▶ [EXERCISE] The required output is the lines from the one with "Robe de soirée" through the end of the data, repeated verbatim, with no pictures included.

---------- DATASET CONTENT

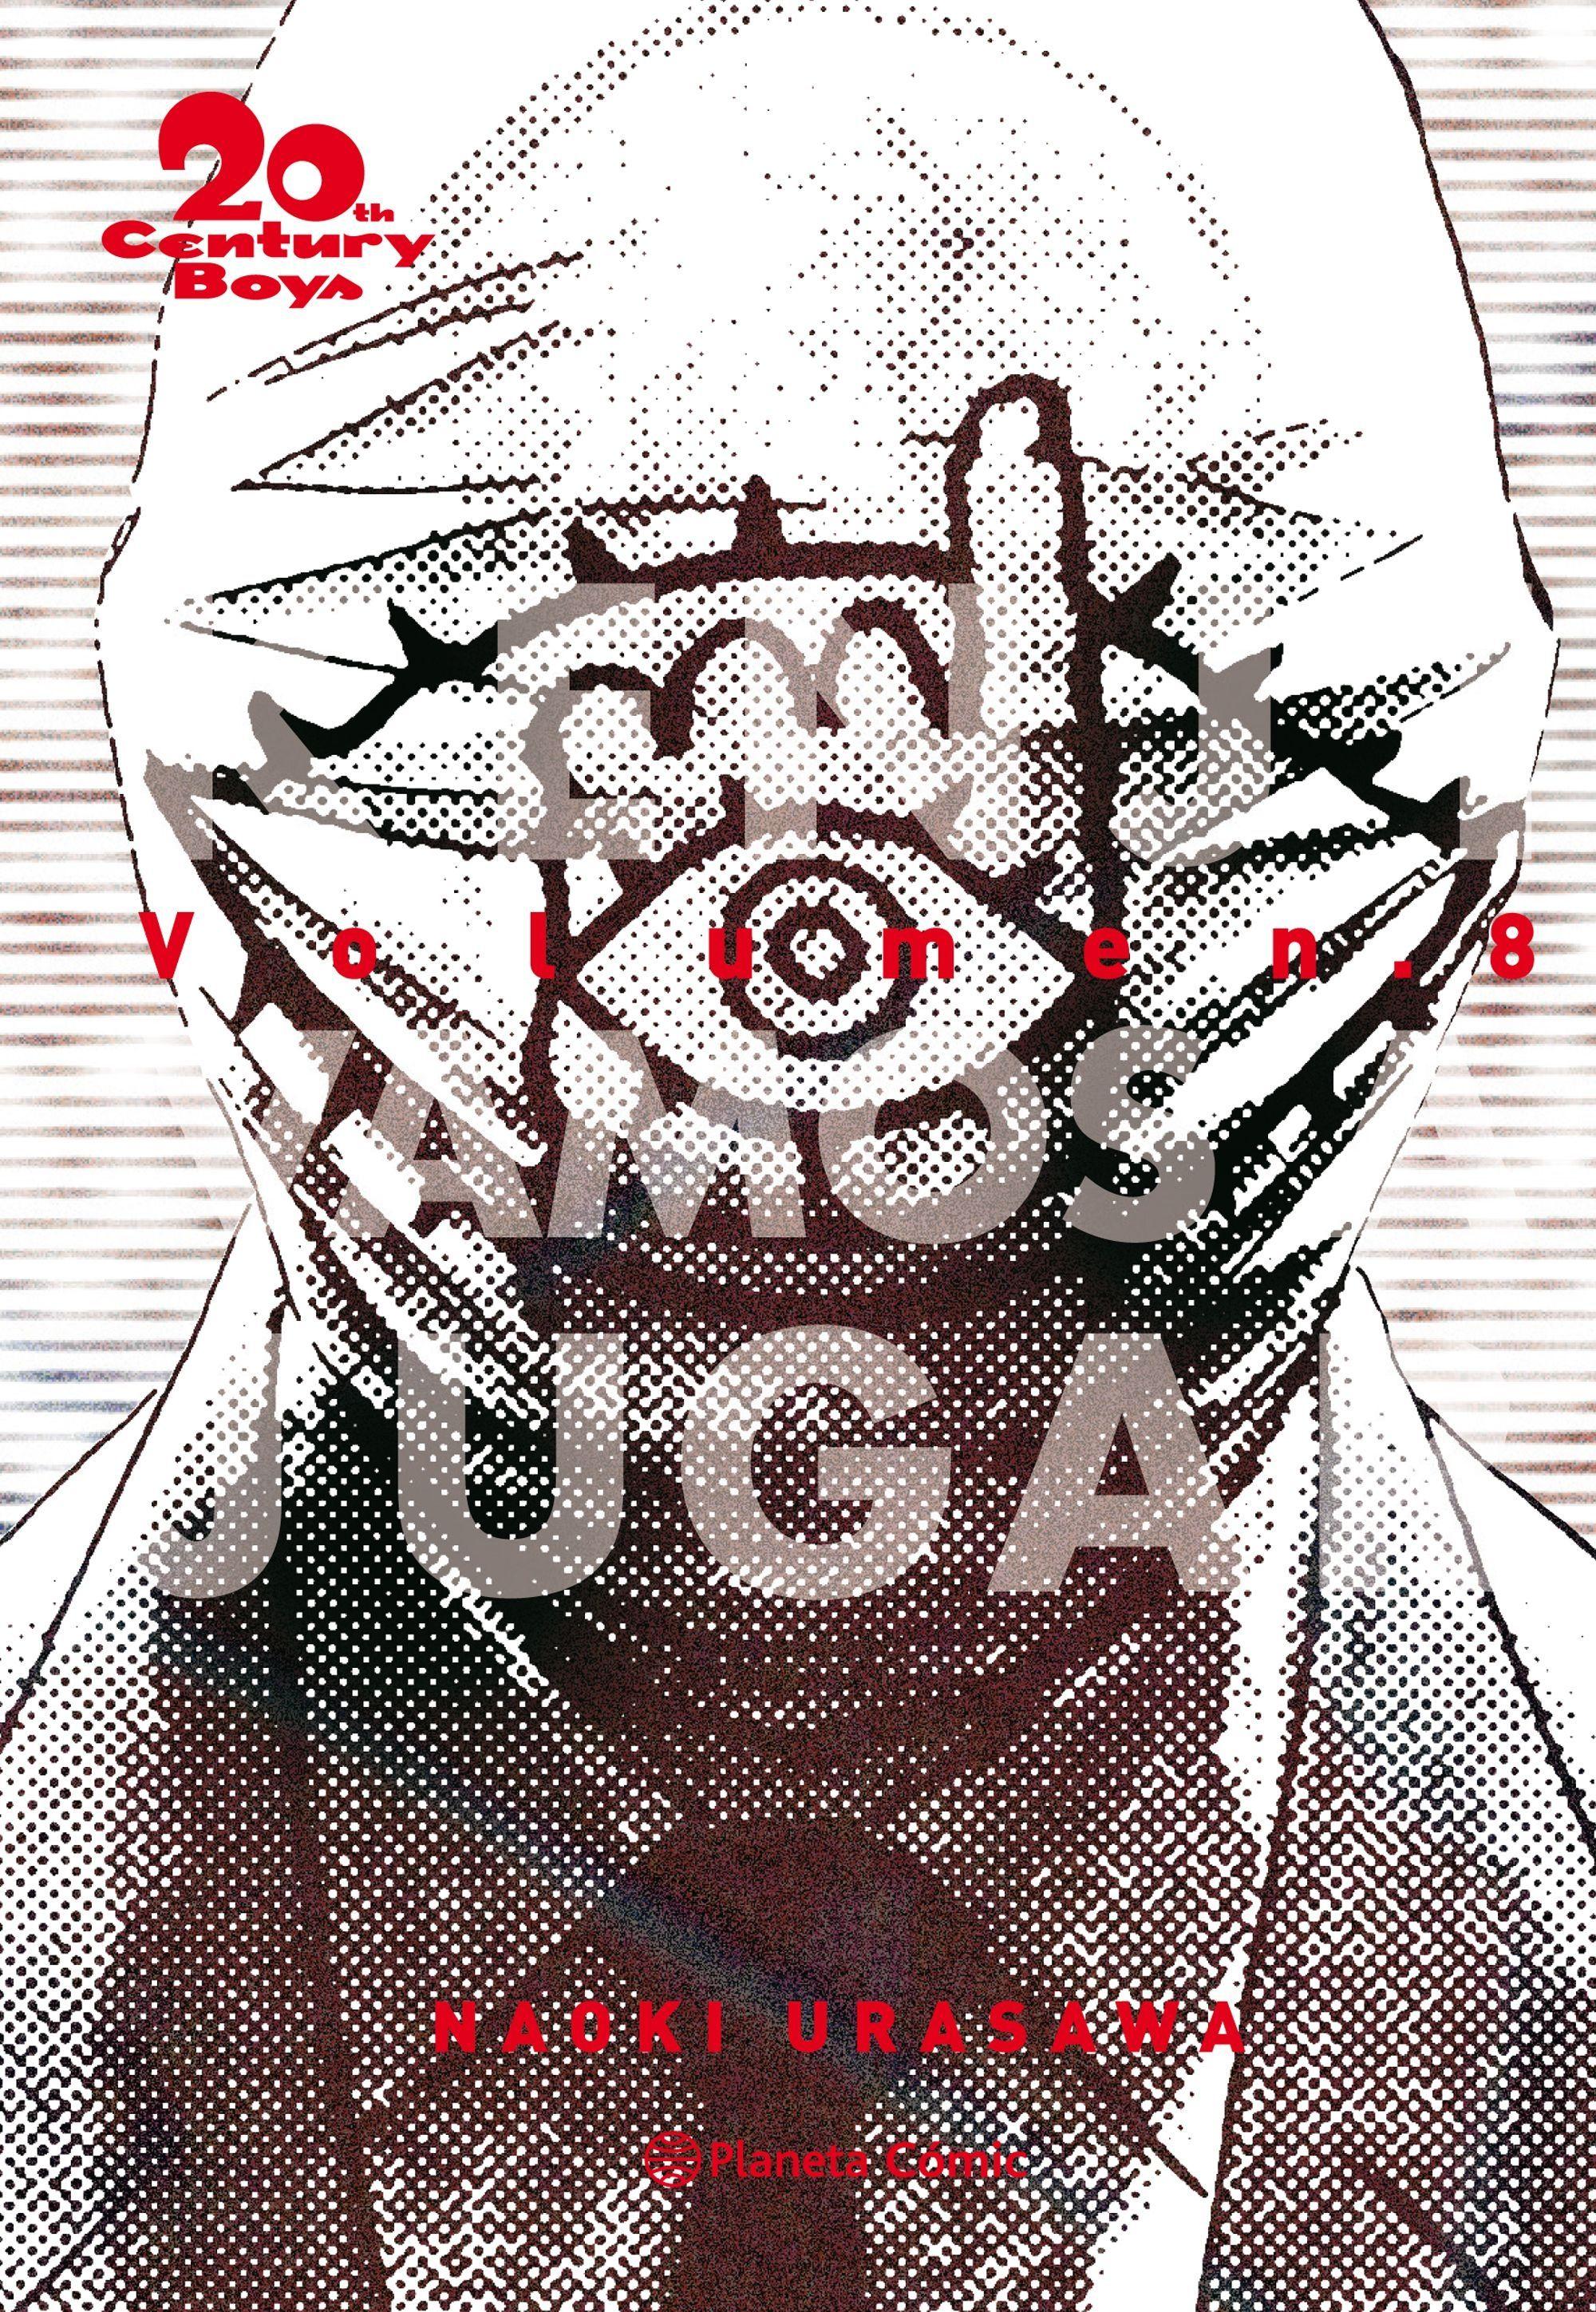 Pin de Andres Ortega en Proyectos que debo intentar
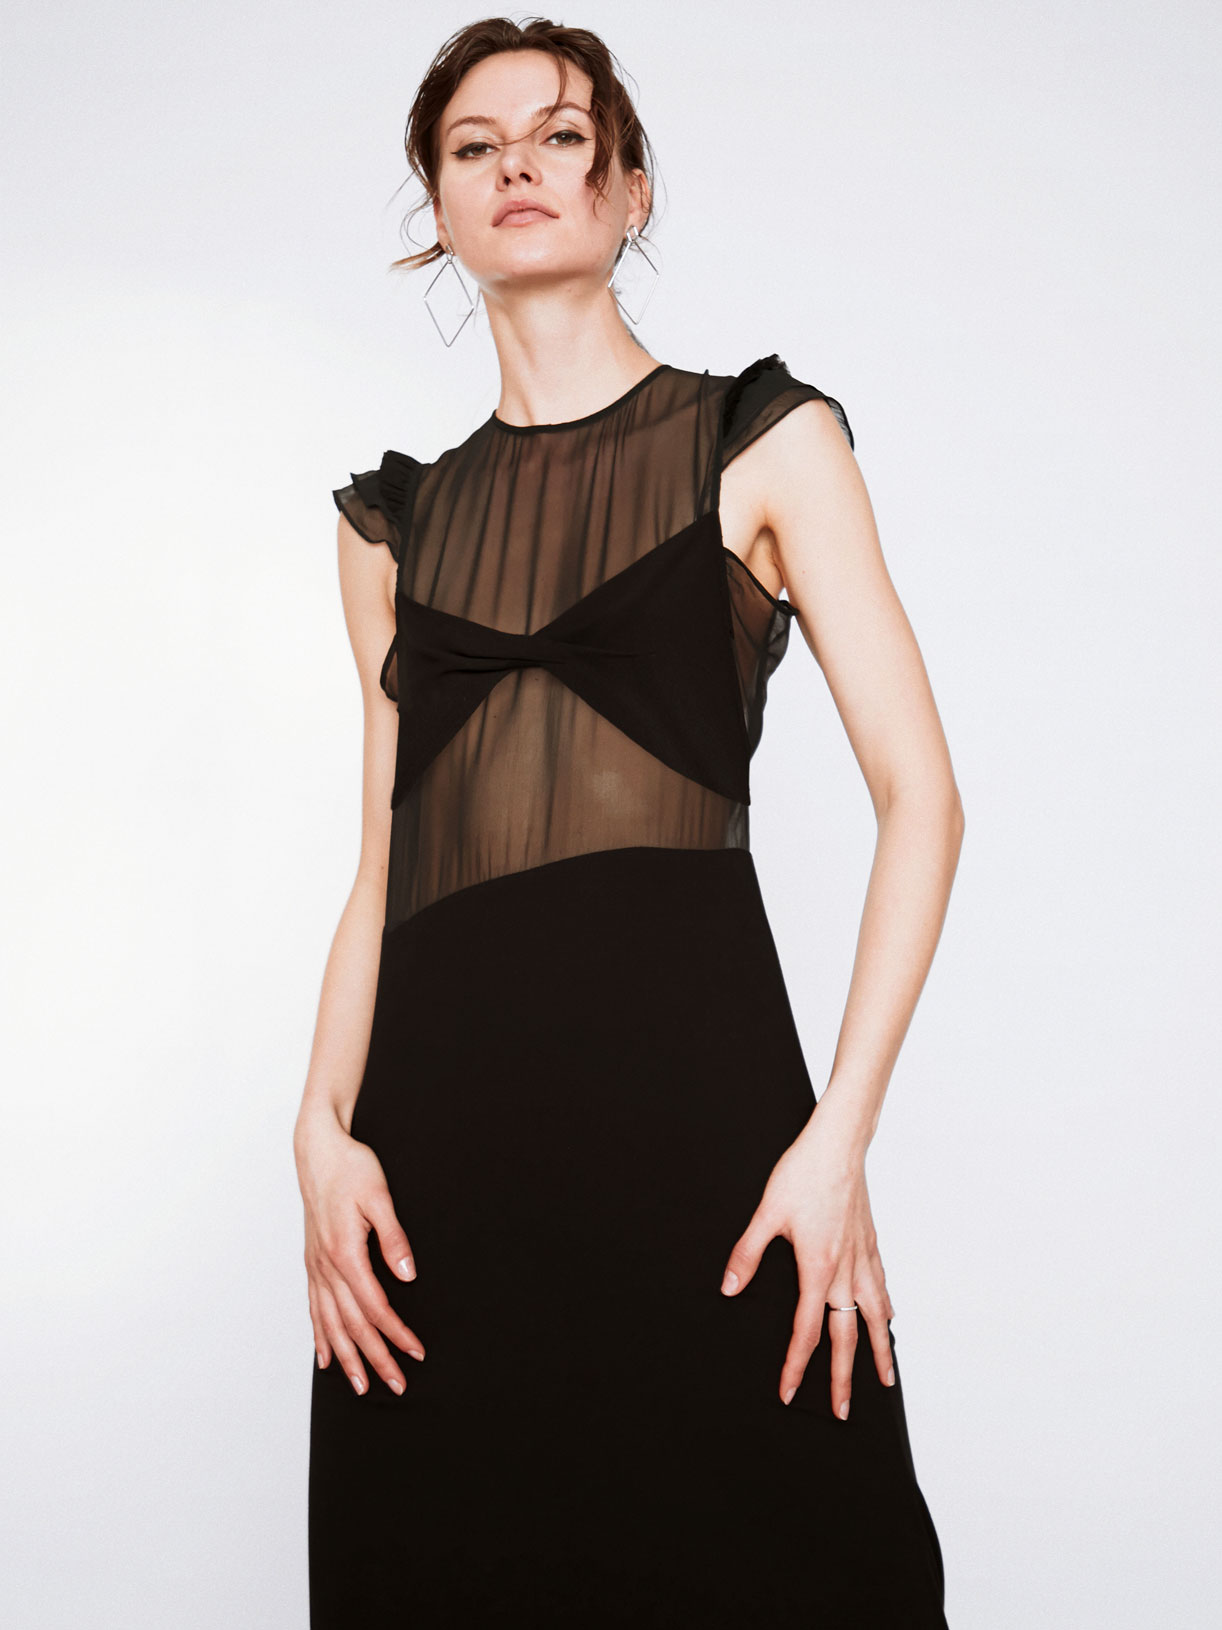 Robe de soirée sirène transparente noir créateur écoresponsable - Myphilosophy
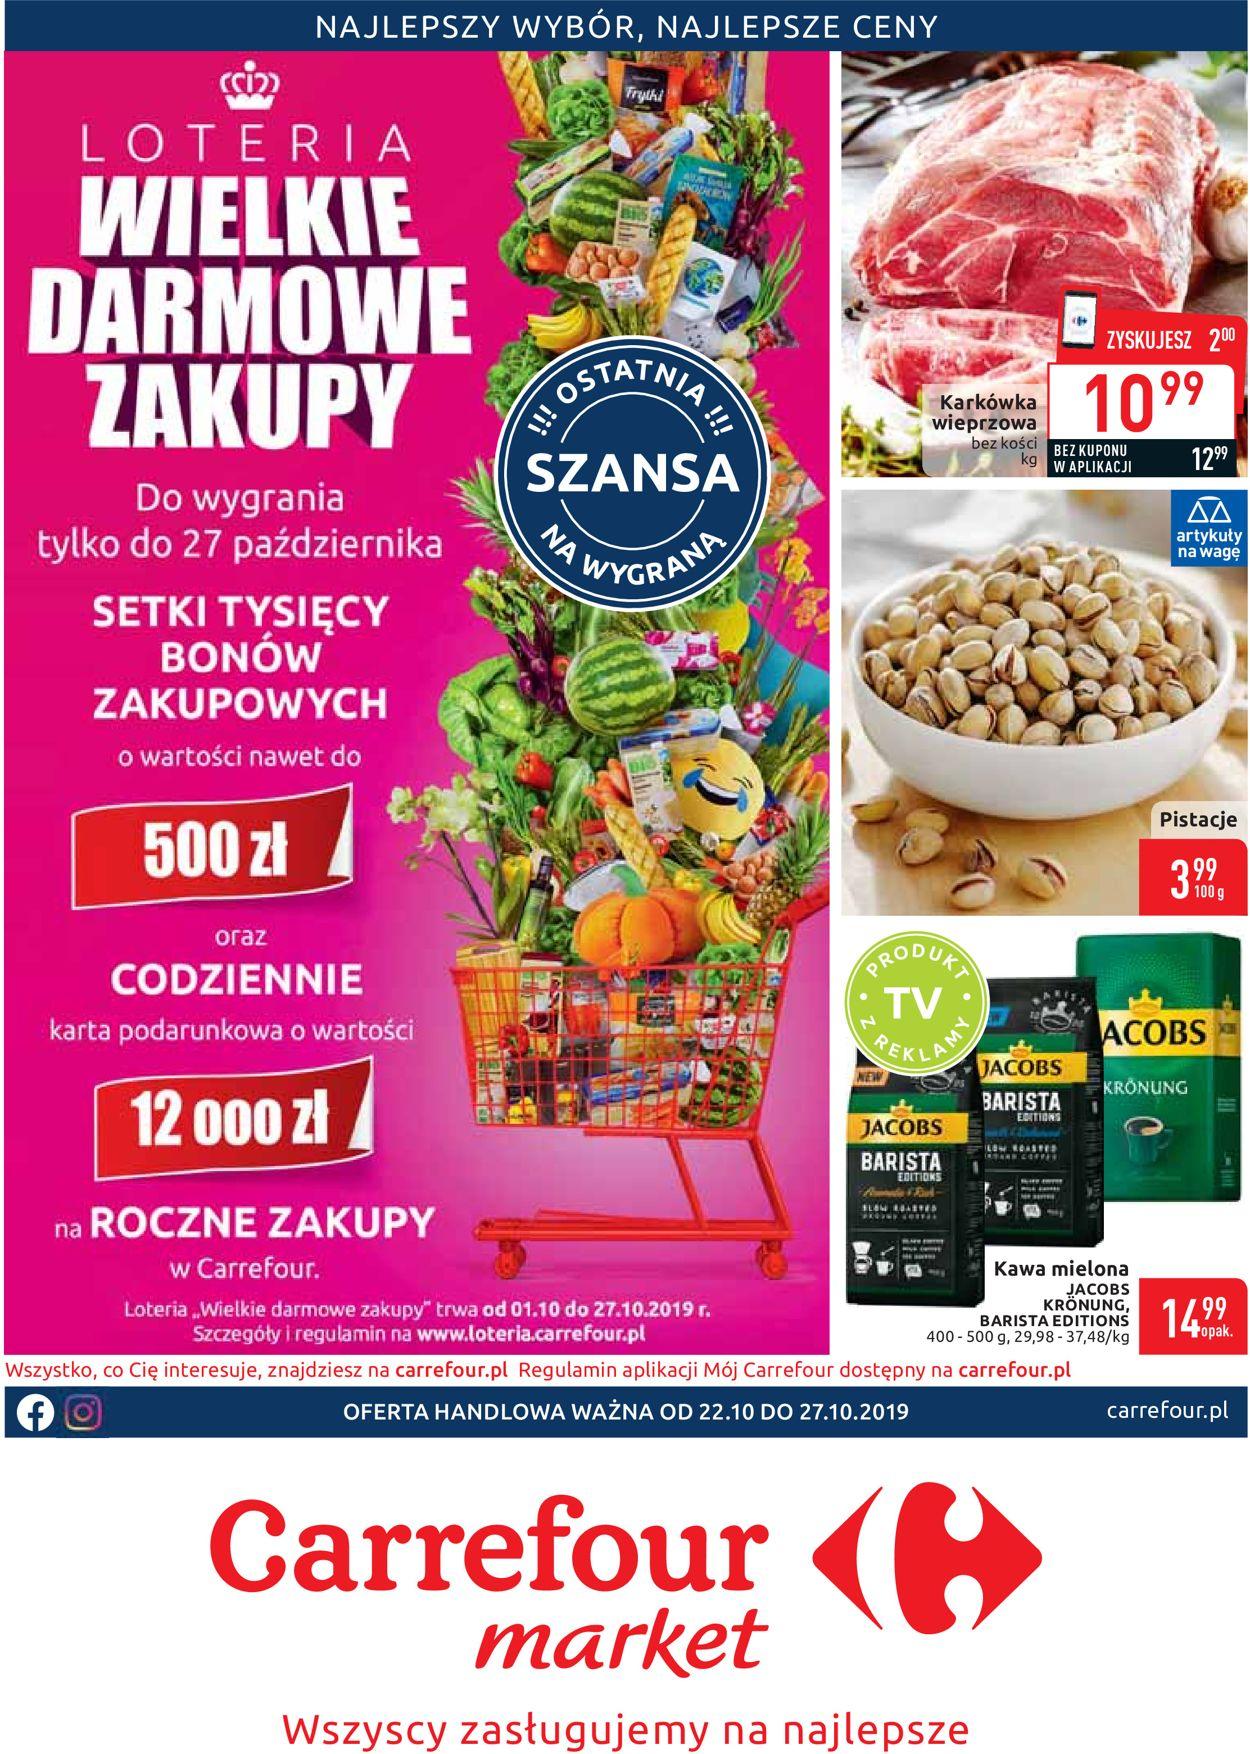 Gazetka promocyjna Carrefour - 22.10-27.10.2019

--------------------

▶ [ANSWER SECTION]
 Robe de soirée sirène transparente noir créateur écoresponsable - Myphilosophy
 Gazetka promocyjna Carrefour - 22.10-27.10.2019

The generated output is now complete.